Fajar tertawa. “Memang beda ya, kalau yang punya perasaan, dengan yang tidak punya perasaan,” ucap Fajar.
“Terserahlah kalian!” Kei kembali ke meja kerjanya.
“Jadi rencana kalian berdua setelah selesai, bagaimana?” tanya Fajar. “Boleh enggak, kami berdua bantu-bantu Abang di sini?” sahut Hendri.
“Boleh sih, cuma ya itu. Usaha ini kan, masih begini-begini saja. Kalau kalian mau berjuang dari bawah.”
“Iya Bang, aku dan Fiki, sudah pikirkan masalah itu,” jawab Hendri.
“Hen, aku balik ya?” pinta Fiki. “Kita bareng saja. Aku juga mau balik,” jawab Hendri.
“Bang, kami balik ya?” ucap Hendri ke Fajar.
“Oke, hati-hati ya.”
“Bang Kei, kami pamit. Jangan melamun terus dong Bang,” ujar Fiki, mengejek.
“Kalian itu. Untung Abang ini, orang sabar dan ikhlas,” jawab Kei disertai tawa. “Oke, hati-hati.”
“Assalamu’alaykum,” ucap Fiki dan Hendri meninggalkan kantor Fajar dan Kei. “Wa’alaykumussalam,” jawab Fajar dan Kei, serentak.
Suasana kantor kembali sepi seperti sebelumnya. Tinggallah Kei dan Fajar, kembali pada kesibukan masing-masing.
“Enggak terasa banget ya Jar, adik kamu itu sudah mau selesai saja.” Kei mendekati meja kerja Fajar.
“Iya, waktu berlalu begitu cepat.”
“Bukan cuma mau selesai, dia juga lebih berani dari abangnya. Jatuh cinta sama dosennya, haha,” sambung Kei.
“Ah, kamu Kei.”
“Jadi kamu siap, Hendri lebih dulu menikah dibanding kamu?”
“Jodoh tidak mengenal kata cepat atau lambat, Kei. Semua Allah yang punya kuasa."

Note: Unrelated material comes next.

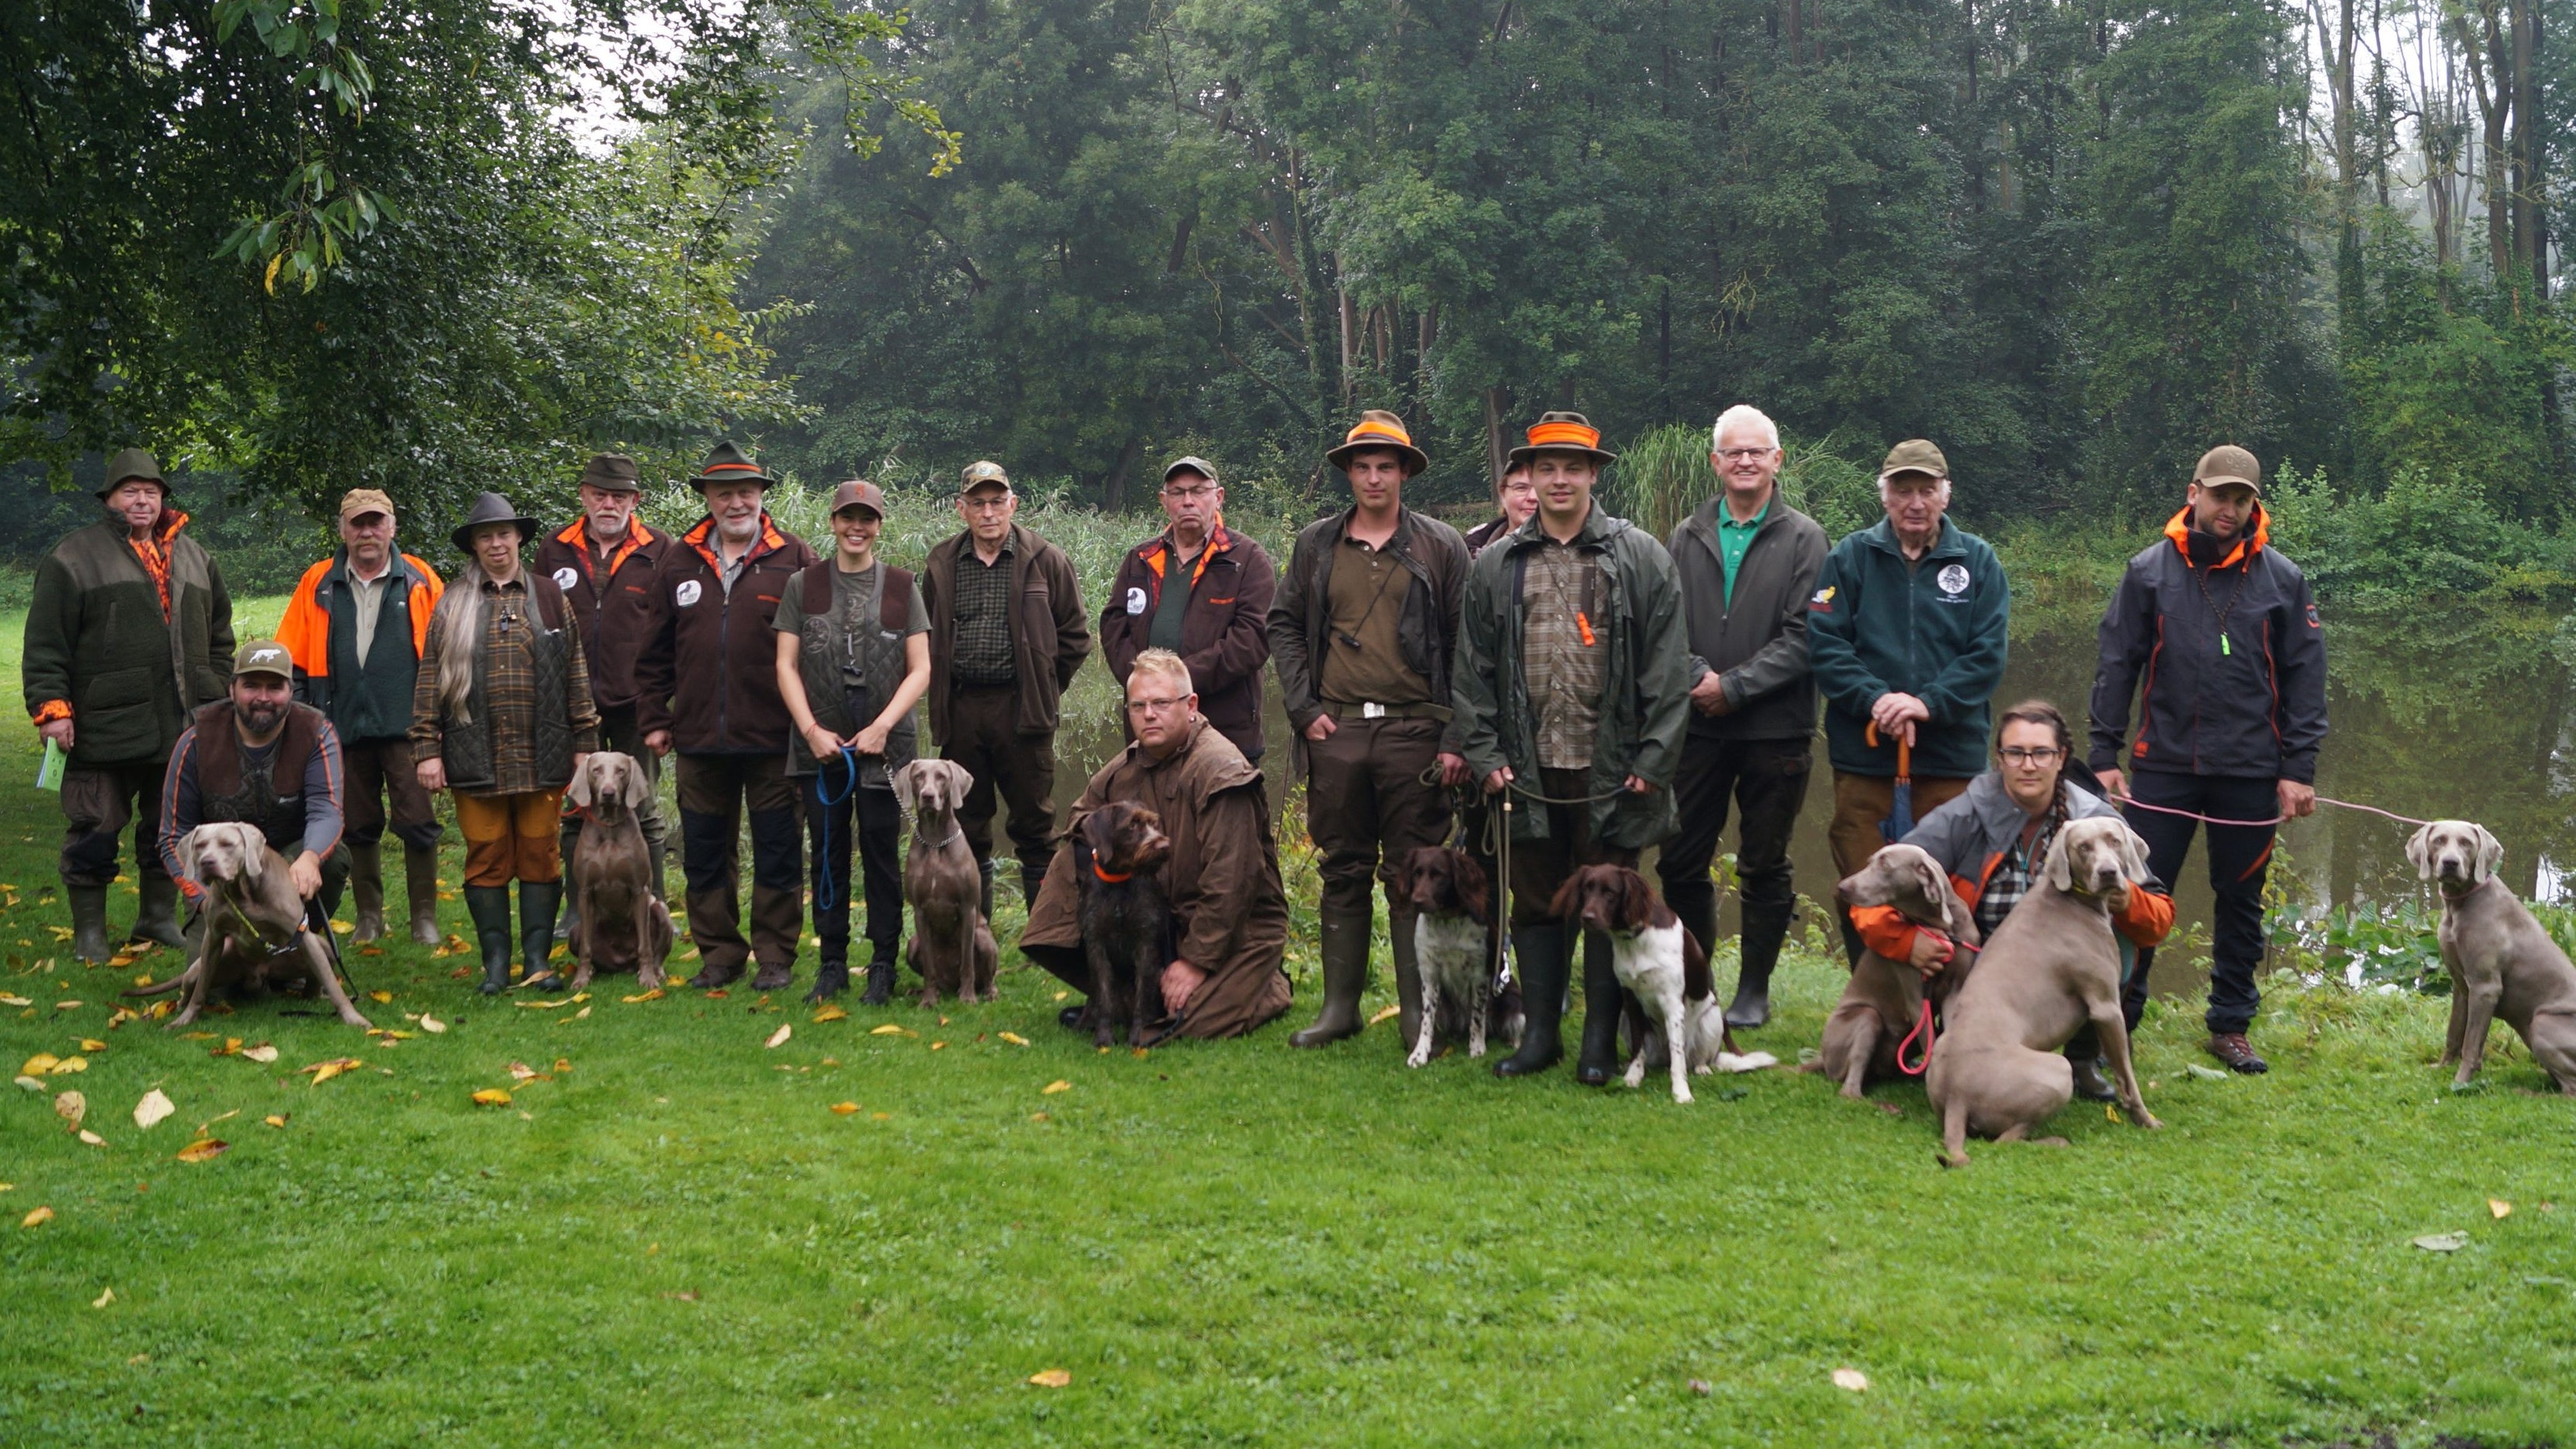 Noch ein gemeinsames Bild, bevor es losgeht: 8 Jägerinnen und Jäger haben kürzlich die sogenannte Herbstzuchtprüfung mit ihren Hunden in Visbek abgelegt. Darunter auch Teilnehmende aus Schweden und Norwegen. Foto: C. Meyer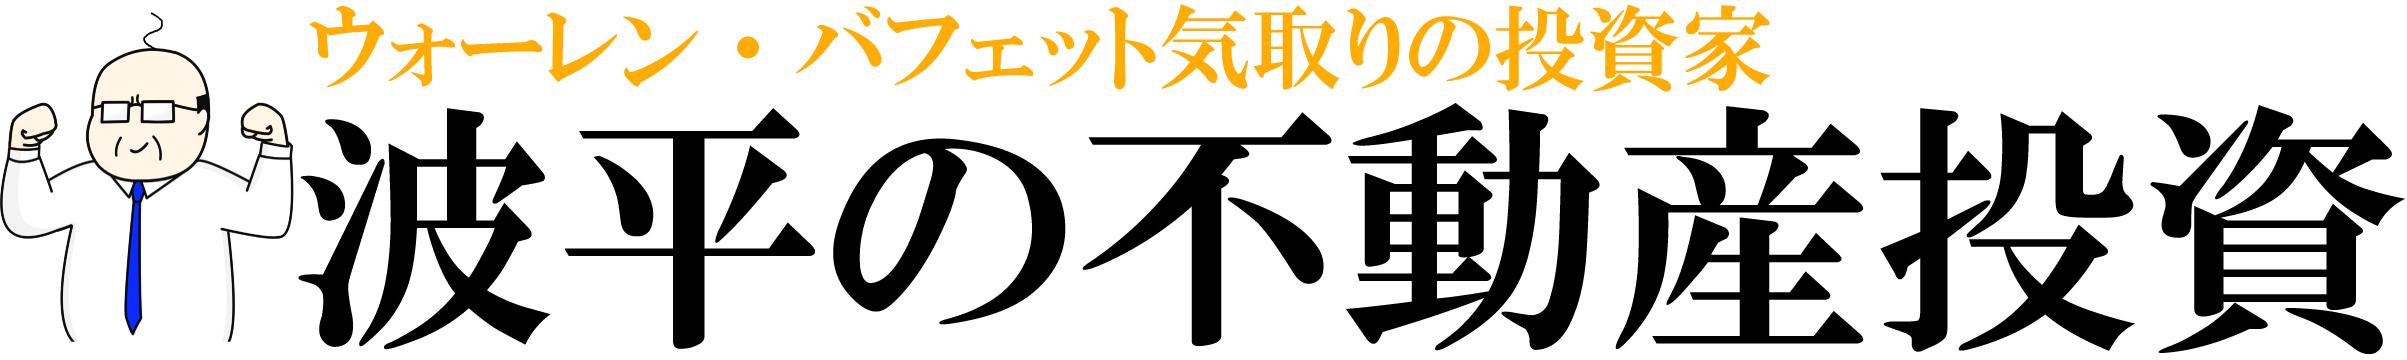 山田太郎の不動産投資

“Iya. Kamu belum juga move on ya Jar?”
Fajar menghela napas.
“Sulit sekali melupakan cinta pertama Kei. Sosok yang membuatmu banyak berubah, lebih dekat dengan Tuhan. Justru, saat aku telah jauh lebih baik, dekat dengan Tuhan, takdir malah berkata lain,” sebut Fajar, dengan sorot mata penuh haru.
“Seperti yang kamu bilang tadi, jodoh. Itu semua di bawah kuasa Allah. Tidak bisa ditunda dan tidak bisa dipercepat.”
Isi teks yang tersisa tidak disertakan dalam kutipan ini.